The Tip Desk

American Electric Power streamlines Texas generation as capex rises

The holding company completed its exit from the Texas generation business while expanding capital liabilities across its Ohio and Texas subsidiaries.

American Electric Power (AEP) managed a structural shift in its generation footprint and a rise in short-term construction liabilities across its multi-state system in 2024. The company operates a broad network of subsidiaries spanning Virginia, West Virginia, Tennessee, Indiana, Michigan, Kentucky, Ohio, Oklahoma, Arkansas, Louisiana, and Texas.

Regulatory recovery for the group relies heavily on FERC-regulated formula rate mechanisms for wholesale power supply contracts, which the company trues-up to actual costs annually. In Oklahoma, Public Service Company of Oklahoma (OK) maintained extensive formula rate filings under docket ER18-195-000 to update SPP OATT Attachment H-4 through 2024.

Capital expenditures saw a notable uptick in accrued liabilities. AEP Texas (TX) construction expenditures included in current and accrued liabilities rose to $266.0 million in 2024, up from $112.2 million in 2023. Ohio Power Company (OH) saw a similar trend, with its construction expenditures in current and accrued liabilities increasing to $157.9 million from $97.7 million in the prior year.

The company continued to refine its generation mix, most notably in Texas. AEP Texas completed the final stage of its exit from the generation business per state restructuring legislation, transferring remaining non-deactivated capacity to an affiliate and ceasing to serve retail load. Meanwhile, AEP Generating Company (IN) solidified its position at the Rockport Plant, where it co-owns Unit 1 with Indiana Michigan Power Company (IN) and holds 100% ownership of Unit 2 following a December 2022 acquisition.

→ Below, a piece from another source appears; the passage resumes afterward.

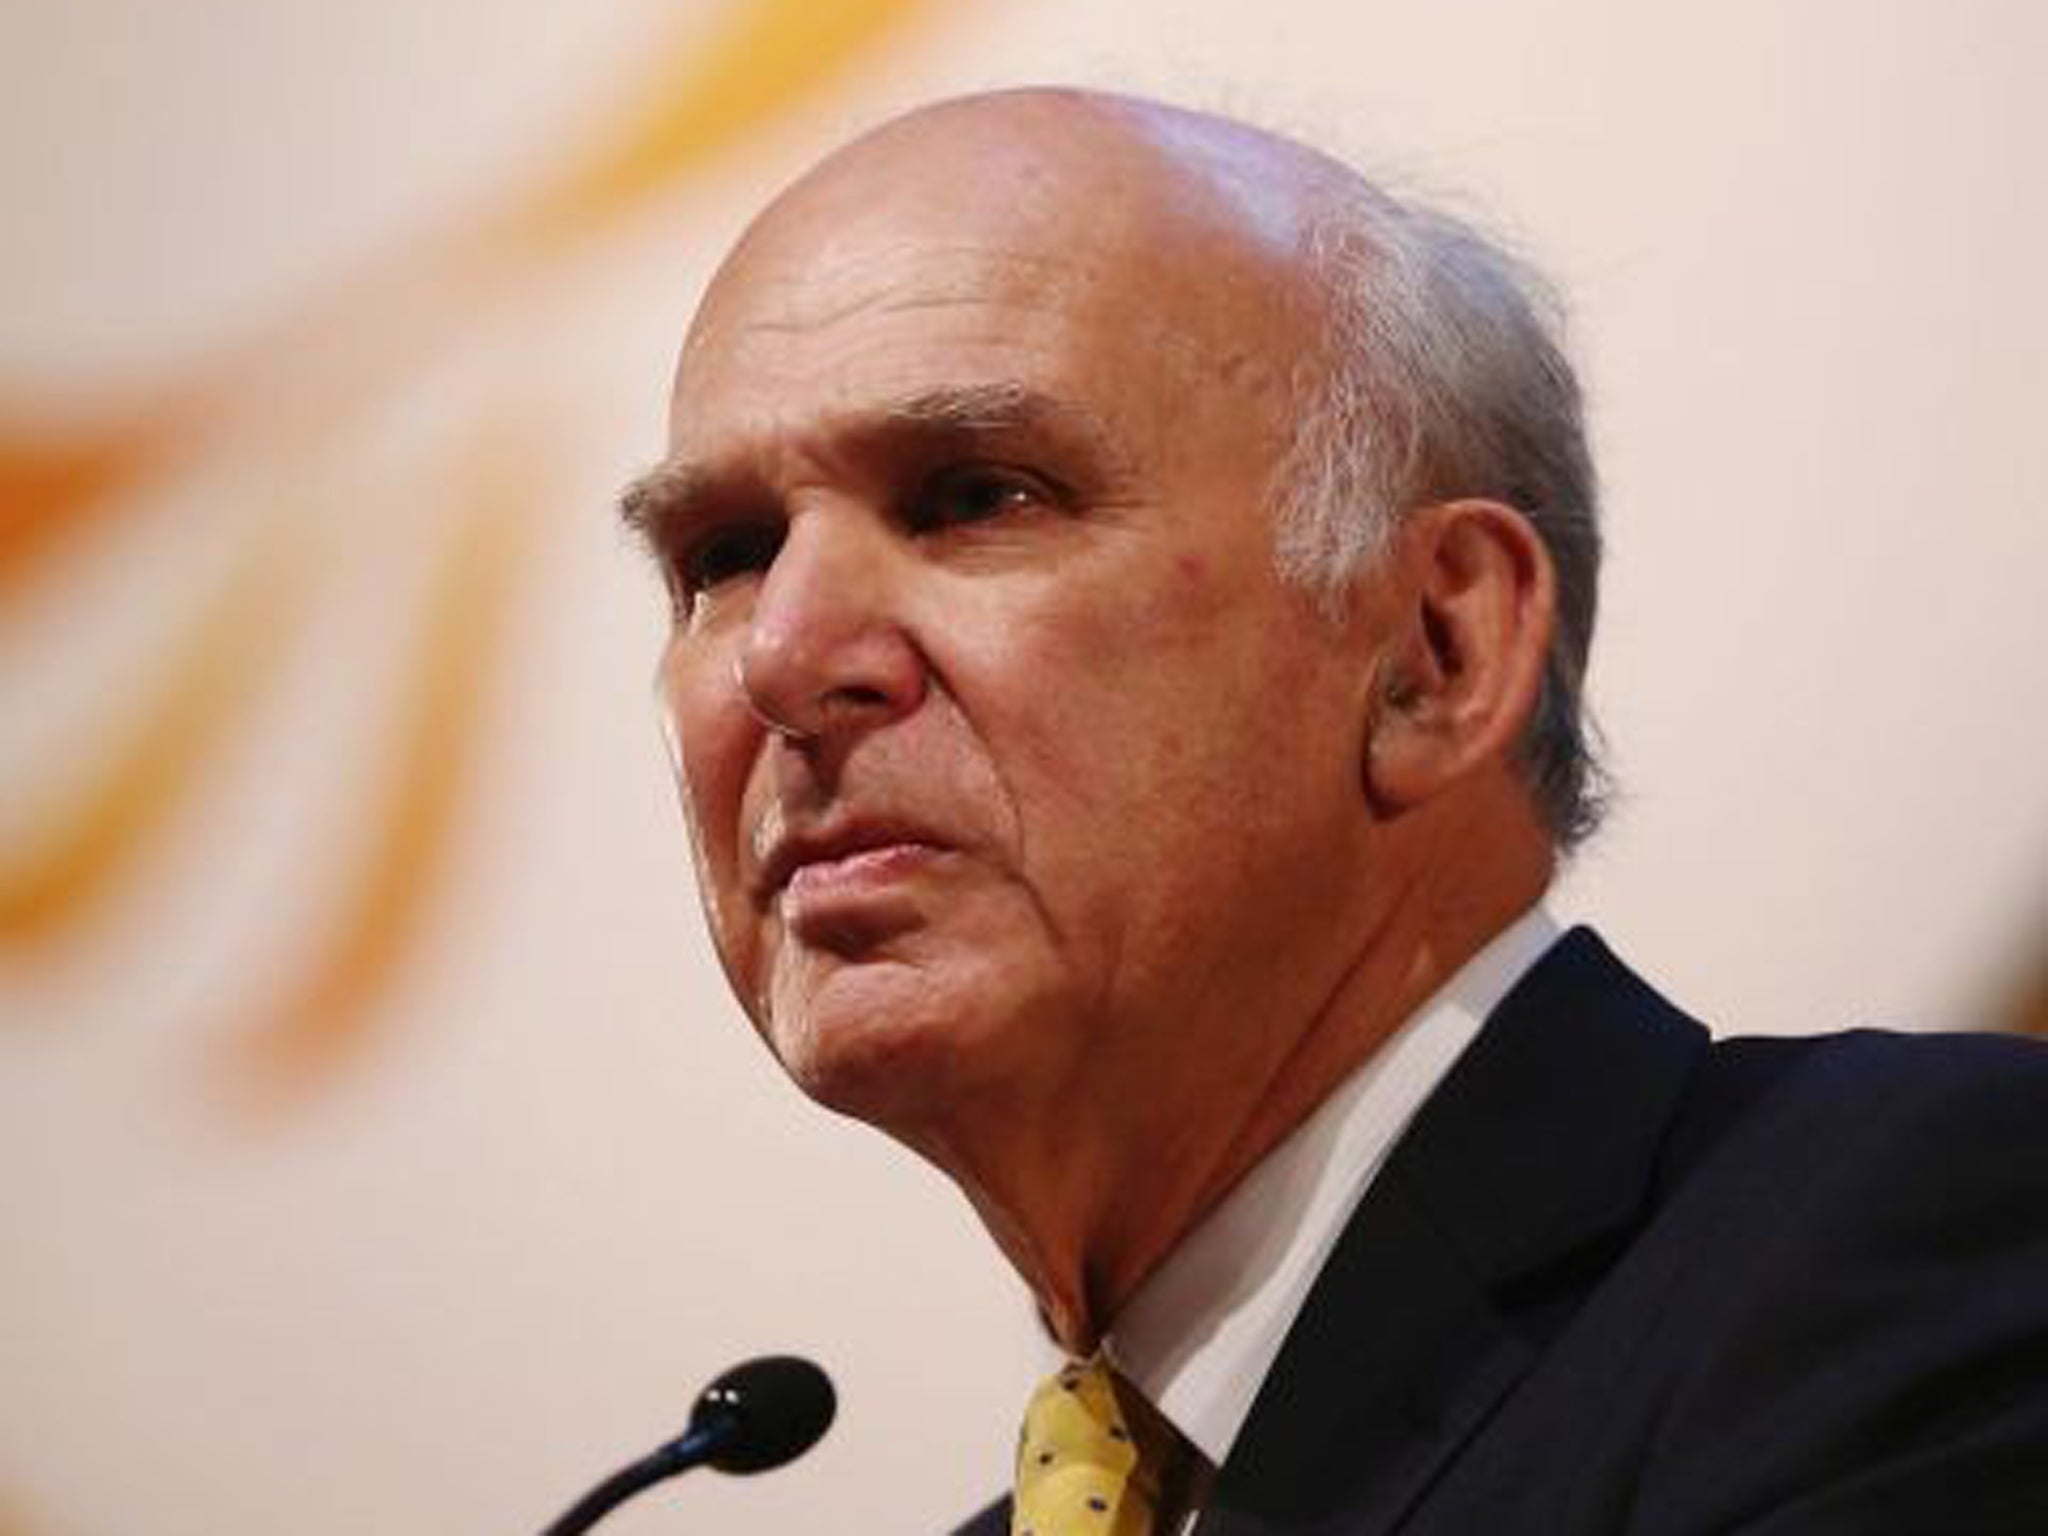 Vince Cable accused the Tories of stooping to 'dog-whistle politics' and being hostile to immigrants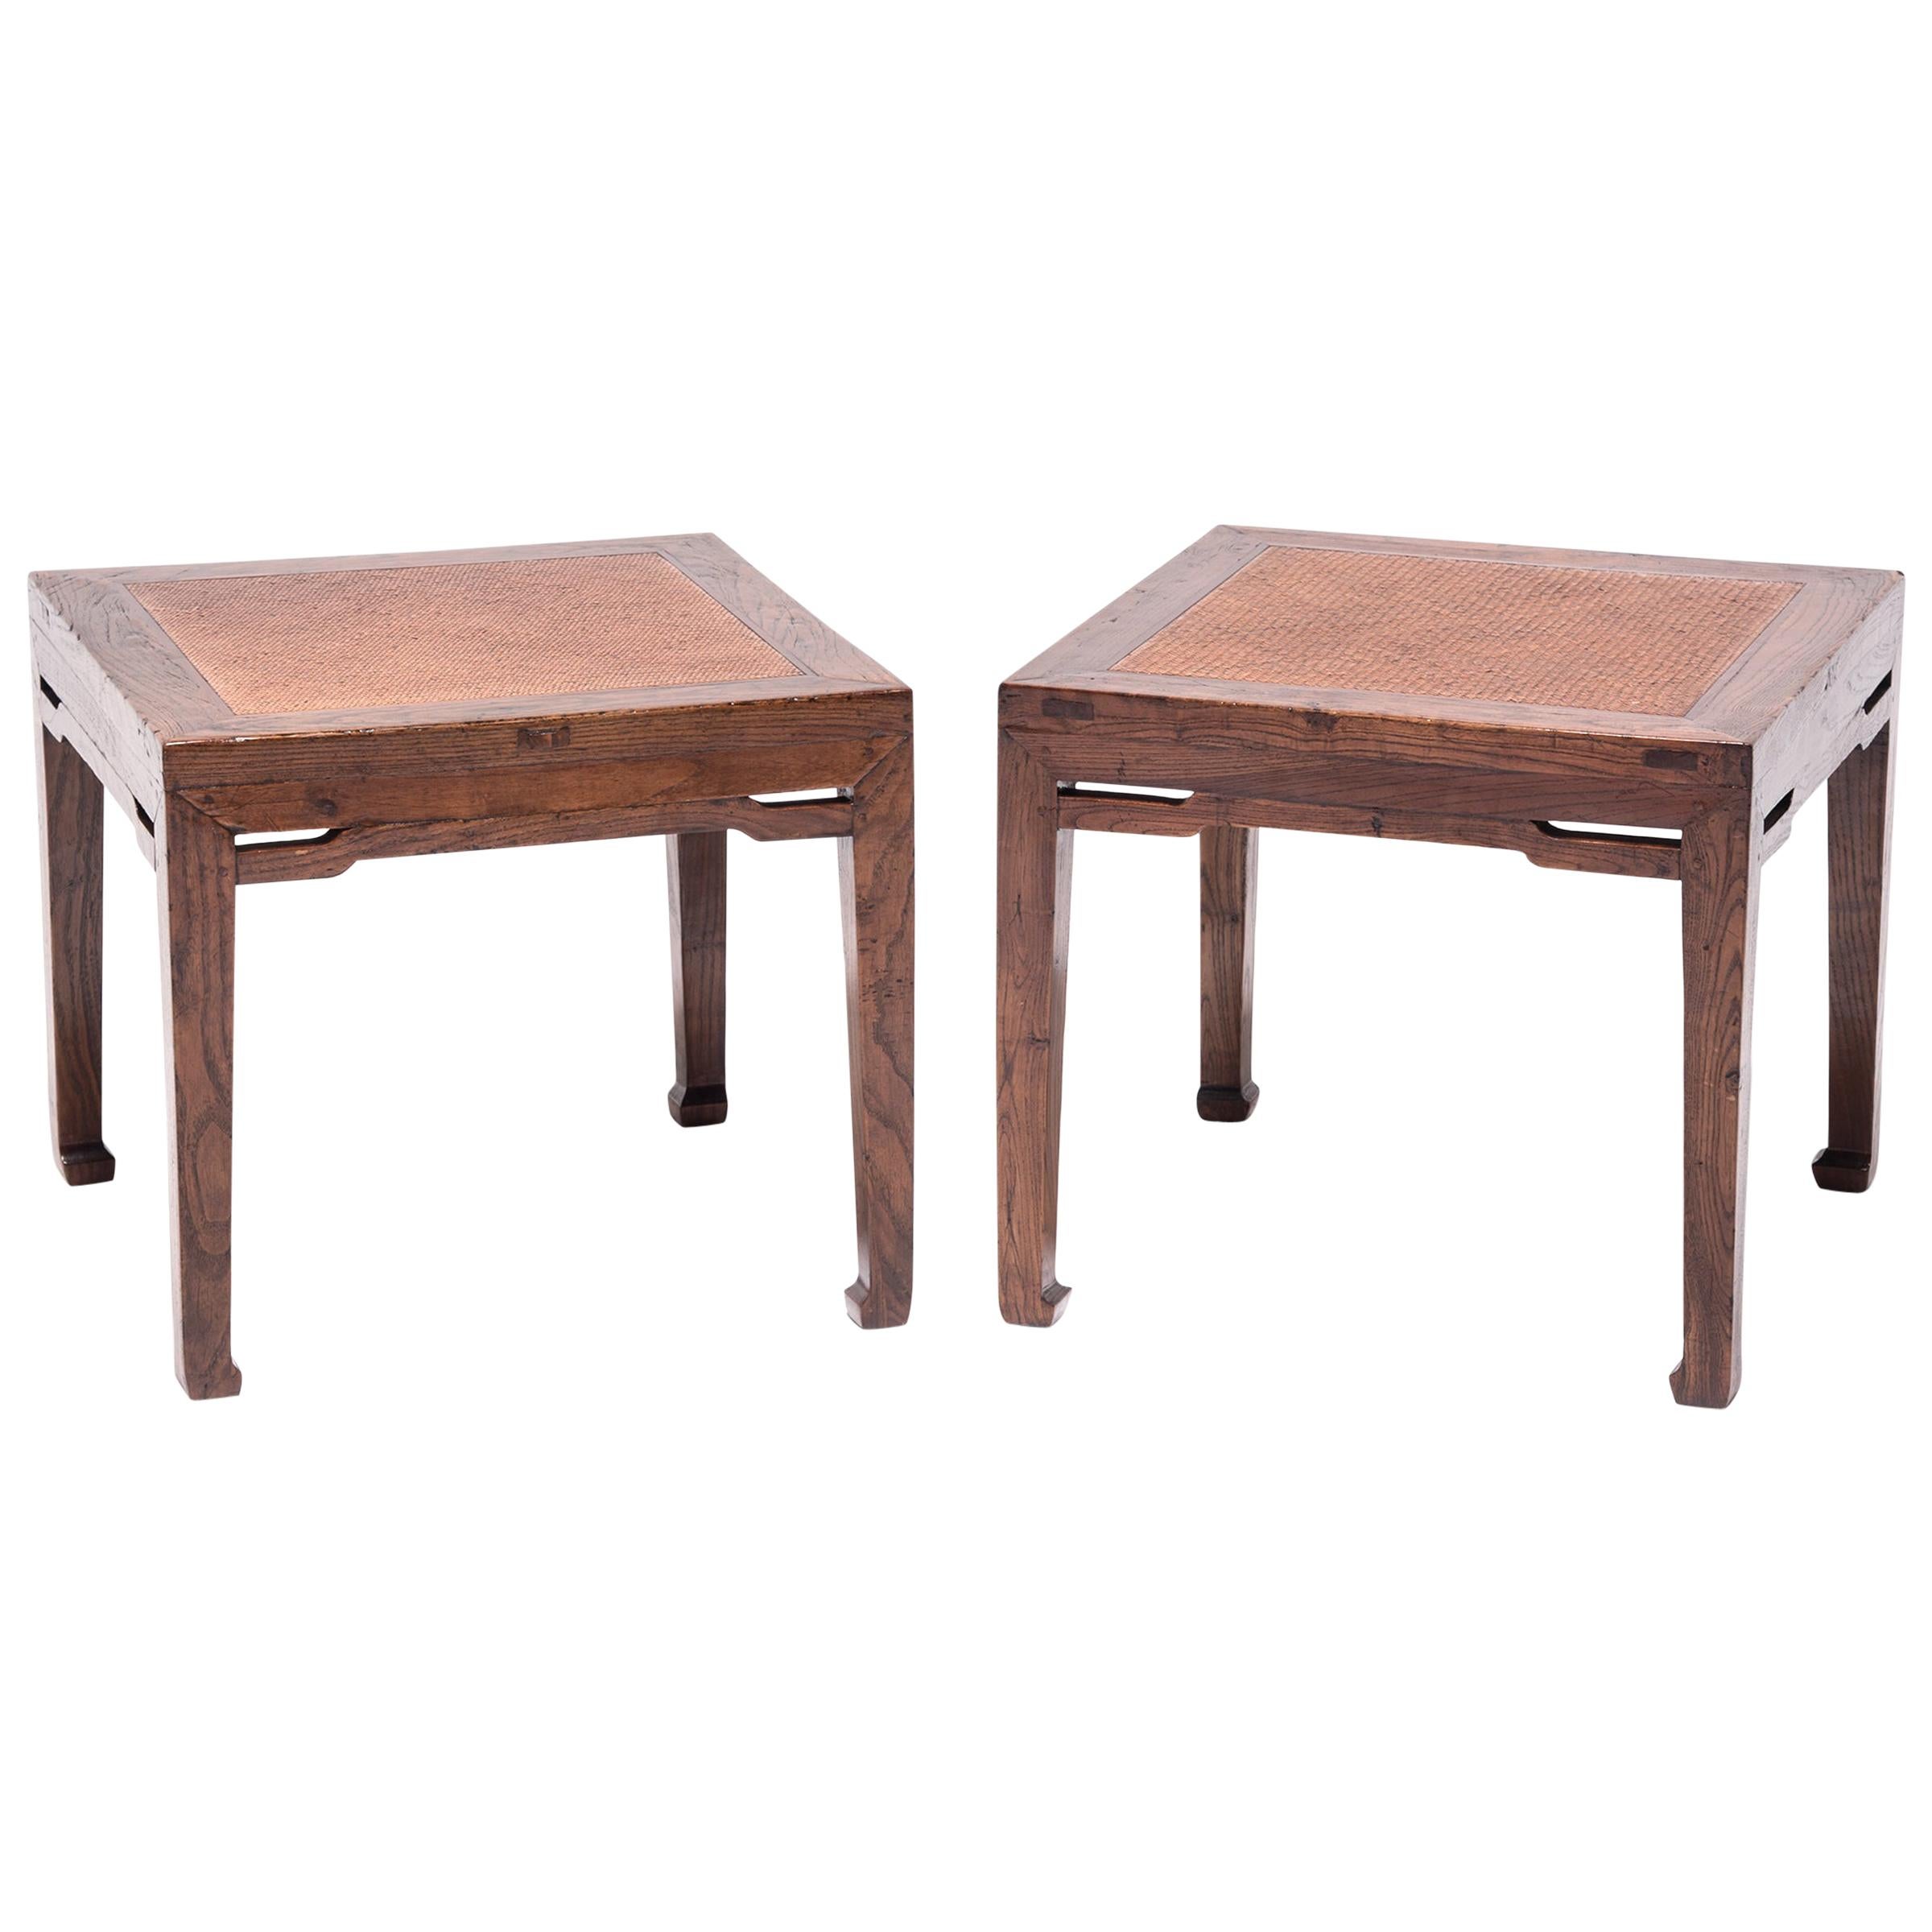 Pair of 19th Century Chinese Square Stools with Woven Tops

Revenue streams remain concentrated among a few large entities in specific markets. A single industrial customer, Marathon Petroleum Company, accounted for 15% of Kentucky Power Company's (KY) total revenues in 2024. In the Texas market, AEP Texas remains dependent on Retail Electric Providers, with NRG Energy and TXU Energy combining for 42% of its operating revenues.

Operational liquidity is managed through AEP Credit, which performs daily factoring of accounts receivable for multiple subsidiaries to mitigate credit risk. To meet Ohio's renewable portfolio standards, Ohio Power utilized an inventory model to manage its Renewable Energy Credits. In Texas, the company employed securitization for transition and restoration funding through three dedicated wholly-owned subsidiaries.

American Electric Power continues to navigate the transition from traditional generation to a transmission-heavy posture in Texas while managing concentrated industrial revenue risks in the Appalachian region.